Logic fuzzy systems are based on the human ability to think, which has allowed controllers to adapt better to systems by finding an approximation to their real behavior.
1. Introduction
Refrigeration systems based on vapor compression are widely used in different sectors, such as domestic, commercial, and industrial. In fact, in recent decades the demand for these refrigeration and air conditioning systems, RACs, has increased significantly, and it is estimated that there are around five billion systems in operation worldwide. Thus, the refrigeration sector represents one of the main energy consumers; it is estimated that these systems consume around 20% of the total electrical energy demanded worldwide [
1].
Given the incipient deficiency of energy resources, saving the energy consumption by RACs has become an increasingly urgent area to address. Therefore, different strategies have been developed which have led to energy improvements; in addition to the above, mitigation of the environmental impact due to the use of RACs. These strategies include the use of alternative refrigerants with low greenhouse potential, GWP (Global warming potential) [
2], or the use of nano refrigerants and nano lubricants [
3]; the development of reliable profiles for RACs loads [
4]; the use of new phase change materials [
5]; the use of expanders [
6]; the thermal design of heat exchange equipment [
7]; and the inclusion of control systems [
8], among many others. Consequently, control systems play a very important role in the operation of RACs.
2. Fuzzy Controller Design Applied to RACs
Logic fuzzy systems are based on the human ability to think, which has allowed controllers to adapt better to systems by finding an approximation to their real behavior. This has been observed mainly in those systems where their analytic functions are difficult to obtain. These controllers, through the creation of a database of knowledge with fuzzy linguistic expressions and rules, can make decisions about the control of a process using a method called inference. This method simulates the human thinking process allowing us to understand mathematically the knowledge represented in rules of the type IF-THEN to obtain an output value from the controller. In this sense, the inference method of Mamdani (Max-Min) is most commonly used in the design of fuzzy controls for the RACs. Another method also used in the field of refrigeration is the Sugeno method or Takagi-Sugeno-Kang, TSK.
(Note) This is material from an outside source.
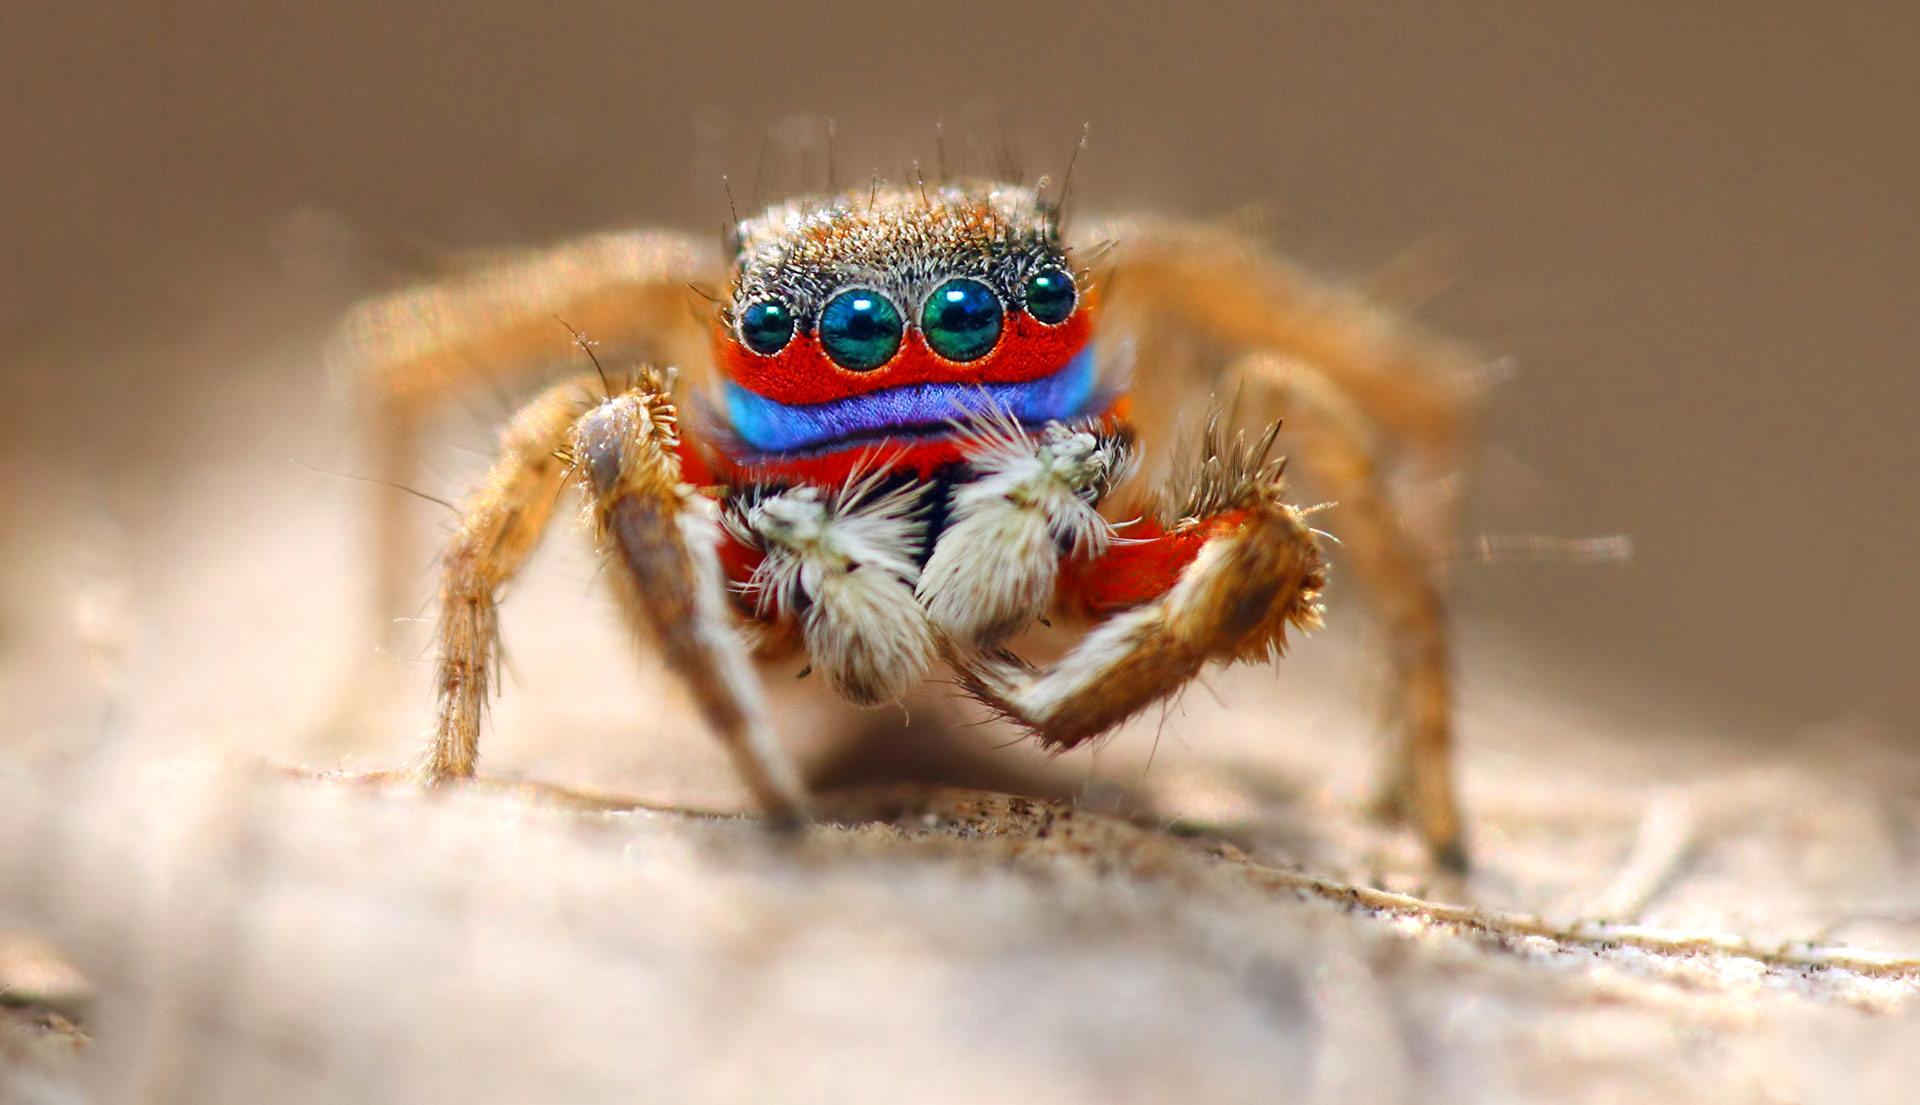 замечают, что фото паука в высоком разрешении того, каждая пятая

Figure 1 shows the typical structure of a fuzzy control system. It has four stages: fuzzification, rule base, inference engine, and defuzzification. During the fuzzification stage, the crisp inputs (the numeric values), by using membership functions, will determine the fuzzy values (μ(x)) in the range from zero to one. Then, the inference engine takes the fuzzy variables and evaluates the rules established in the rule base, and one or more fuzzy sets representing the output fuzzy variables can be obtained. Finally, defuzzification converts the fuzzy variables into crisp values that can be used by the actuator in a control system [
20]. At this stage, it is possible to use different methods to perform this transformation from fuzzy values to real values.
Figure 1. General scheme of a fuzzy controller.
Generally speaking, the fuzzy control applied to the RACs focuses on the control of temperature and humidity. Consequently, variables, such as the duty cycle, the electric frequency of the compressor, the opening of the expansion valve, and the flux of the refrigerant are manipulated. Because of the similarity between the controlled variables (temperature and humidity) and the manipulated variables (operating duration or compressor frequency), the design of controllers for the RACs shares some characteristics independently of the system to which it is applied. The first element corresponds to the design of the membership functions for the input and output variables of the fuzzy system.
Figure 2 shows the fuzzy sets most used for the RACs, these present a combination of triangular and Gaussian functions. In these sets, two of the functions are placed at the ends and they correspond to trapezoidal functions (
Figure 2a) or Gaussian functions (
Figure 2b). In the study of the RACs, the triangular function is most commonly used around 70% of the published research papers present controllers using a combination of triangular functions. This is because a triangle or a trapezius often provides an adequate representation of the expert knowledge, and at the same time, these two shapes simplify significantly the computation process [
21] and they can additionally improve the dynamics of the system [
22]. However, Islam and Hossain [
23] showed that the use of triangular or trapezoidal membership functions affects the performance of the controller and, in particular, for air conditioning systems, trapezoidal functions are the most suitable.
Figure 2. Membership function sets for the input and output variables. (a) trapezoidal functions; (b) Gaussian functions.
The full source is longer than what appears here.